I was tempted to try again with the buttermilk substitution just to see exactly where the blame for the original failing lay, but decided that the frustration of another cake fail would be too much to bare, especially at that ungodly hour.

The baking time is 1hour 15 minutes, which is a little on the long side for a loaf tin and should’ve made me think ahead a bit, but I’m not that good at seeing the bigger picture and so placed the tin into the oven, set the timer, and popped off to clean the bathroom, as you do. I came back downstairs about 40 minutes into baking to a concerning hint of ‘burnt’ in the air. The cake had risen way above the top of the tin and was touching the element at the top of the oven. A few minutes of panic later and I’d extracted the cake with only minor damage to it and myself (and it’s never a proper baking session without an injury of some sort). After picking the smoking debris off the element and repositioning the shelf the cake was returned to finish cooking. I couldn’t believe this bloody recipe had nearly beaten me again.
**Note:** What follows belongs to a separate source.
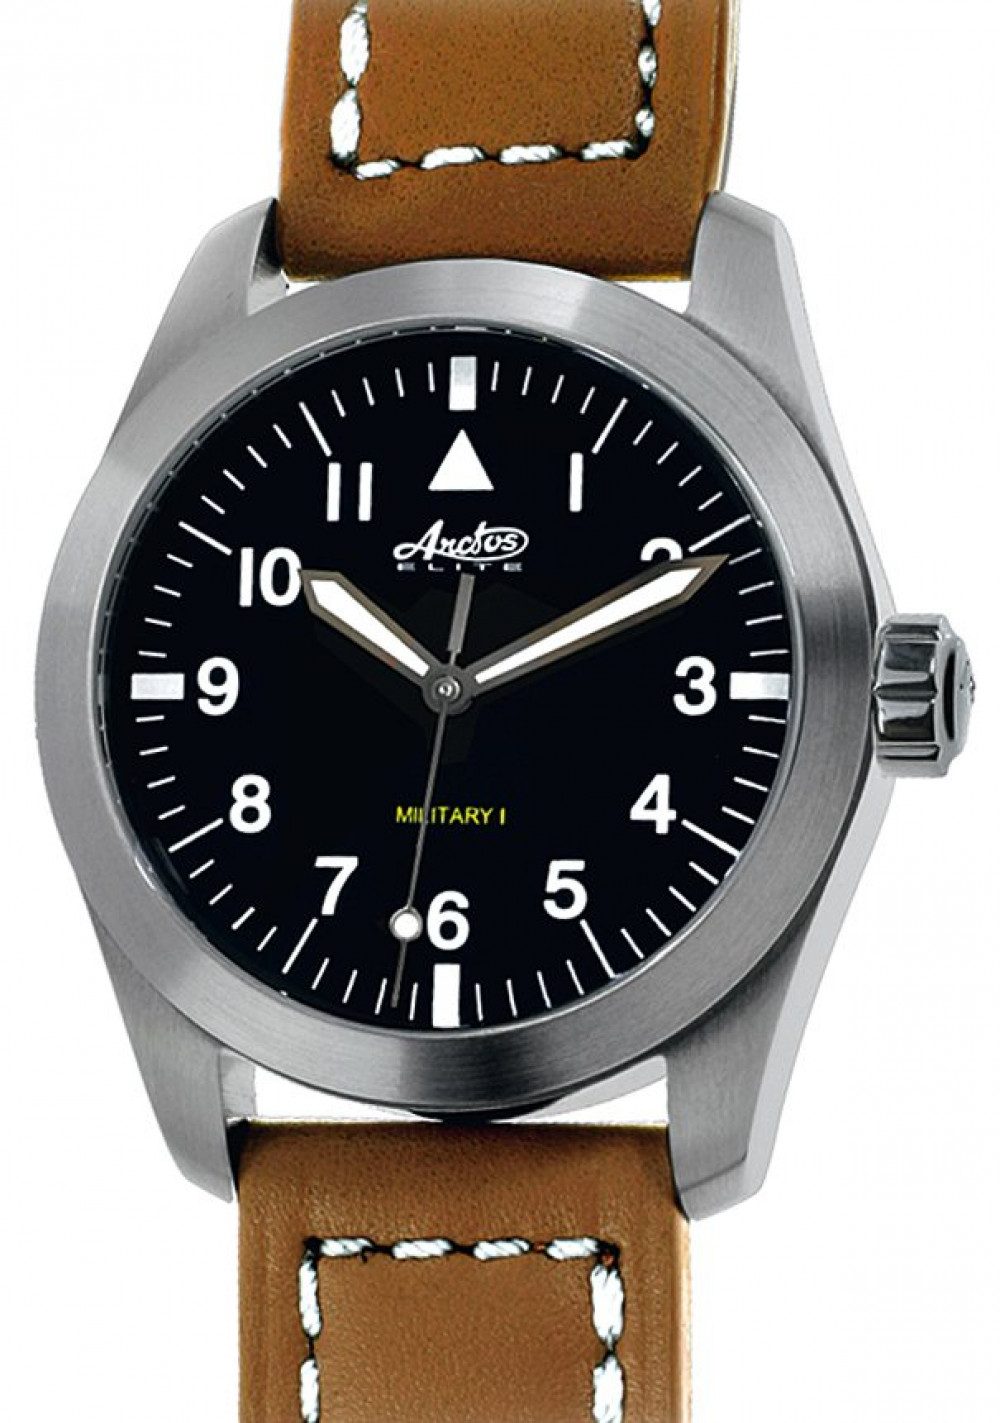 Zegarek firmy Arctos, model Military I

The end result was a little on the ugly side because of the damage to the top, luckily it was destined to be sliced and distributed at work rather than presented whole – good job too.

An additional tip – should you want to bake this for yourself – is that I remembered from disaster no 1 that pouring the syrup over the cake resulted in a lot of the syrup being lost of pooling around the sides, so I made good use of a skewer and spent a long time drizzling slowly in intervals to ensure as much of the syrup as possible got into the cake.

Was the whole thing worth it? Well, I can’t see beyond the second near miss, and I feel that the authors couldn’t been more detailed in their instructions (error aside) but the resulting cake was moist and tart and seemed to go down well. It keeps, wrapped, for a coupled of days and would no doubt make an excellent base for a trifle!